FWIW, I'm a big Langer's fan. I was also pretty impressed by the pastrami at Umamicatessen - a little inconsistent, but when good, it was pretty damn good!. I wasn't impressed with the pastrami at Carnegie and have never had Katz's (the next time I'm in NY, I'm getting my fill for sure!). 

Thanks in advance!


----------



## piratechefny (Nov 3, 2012)

"Charcuterie" by Brian Polcyn has at least one pastrami recipe in it as well as a ton of other great recipes for various sausages and cured meats. Well worth the money spent.


----------



## Zwiefel (Nov 3, 2012)

I wasn't impressed by carnagie either...it was definitely good and I wish we had one in Little Rock...but it's competing in the wrong neighborhood.

I haven't been there since 2006 but "new holland deli" near wall + broad was damned good.


----------



## Chuckles (Nov 7, 2012)

Check out 'Great Sausage Recipes and Meat Curing' by Rytek Kutas. The layout is a little funky but it is a great resource. 
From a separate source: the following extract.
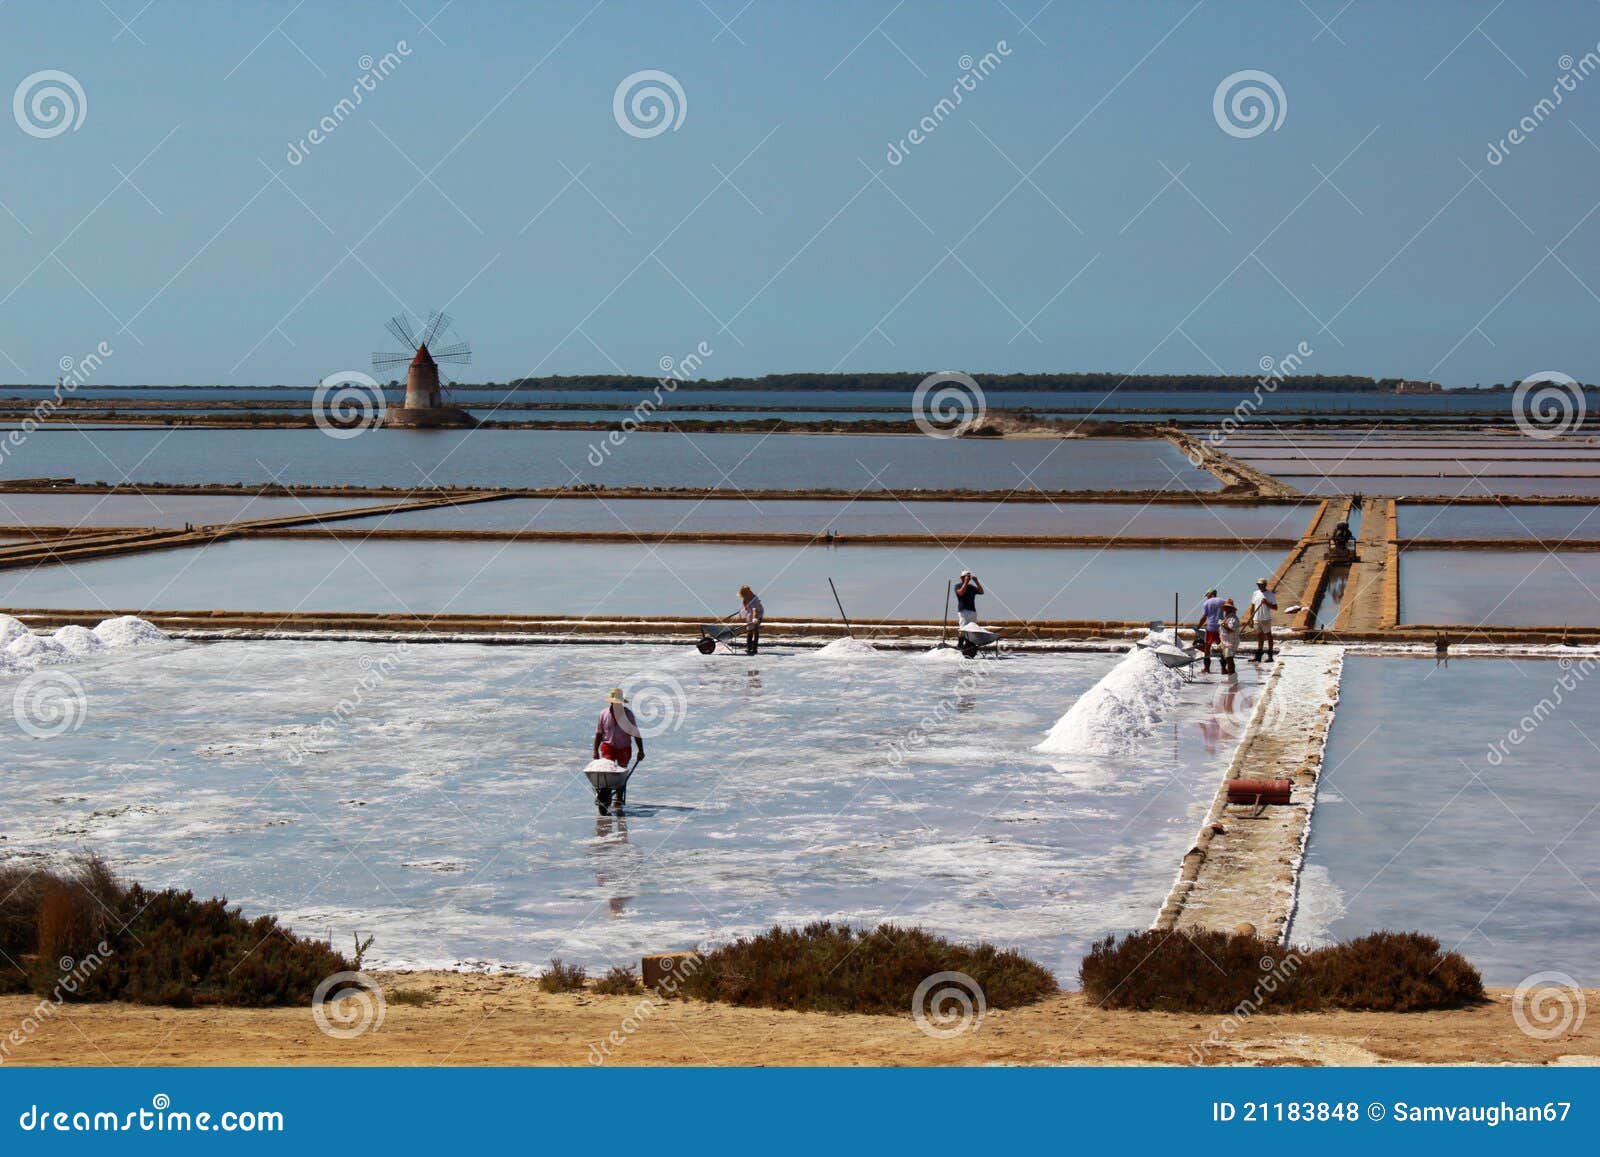 men working on the saltpans in mozia in sicily

Max09 - Are you a real person?


----------



## Vertigo (Nov 7, 2012)

Chuckles said:


> Max09 - Are you a real person?


Max (also known as Harry) is a robot. Don't click the link in his sig, that's how he gets paid.


----------



## Dave Martell (Nov 7, 2012)

Max is gone - thanks Jack


----------



## sachem allison (Nov 8, 2012)

http://alpoethemad.com/2012/02/how-to-make-homemade-pastrami/


----------



## wenus2 (Nov 8, 2012)

Good link Son. I'm gonna have to try this.
Thanks for asking this Mike.


----------



## Chuckles (Nov 8, 2012)

http://www.butcher-packer.com/index.php?main_page=product_info&cPath=2_45_231&products_id=25

I highly recommend this brine pump for doing cured meats. It is a large syringe but the needle has holes on all sides. Your cure will be distributed evenly from the word go. It will cut down on your cure time which means the product will be safer and more consistent. I use it for corned beef and hams with good results.


----------



## mhlee (Nov 8, 2012)

Thanks, everyone. I've gotten some good info. Hopefully, I'll be able to get to making the brine this weekend. 

If I do, I'll put pictures up of the process.


----------



## brainsausage (Nov 8, 2012)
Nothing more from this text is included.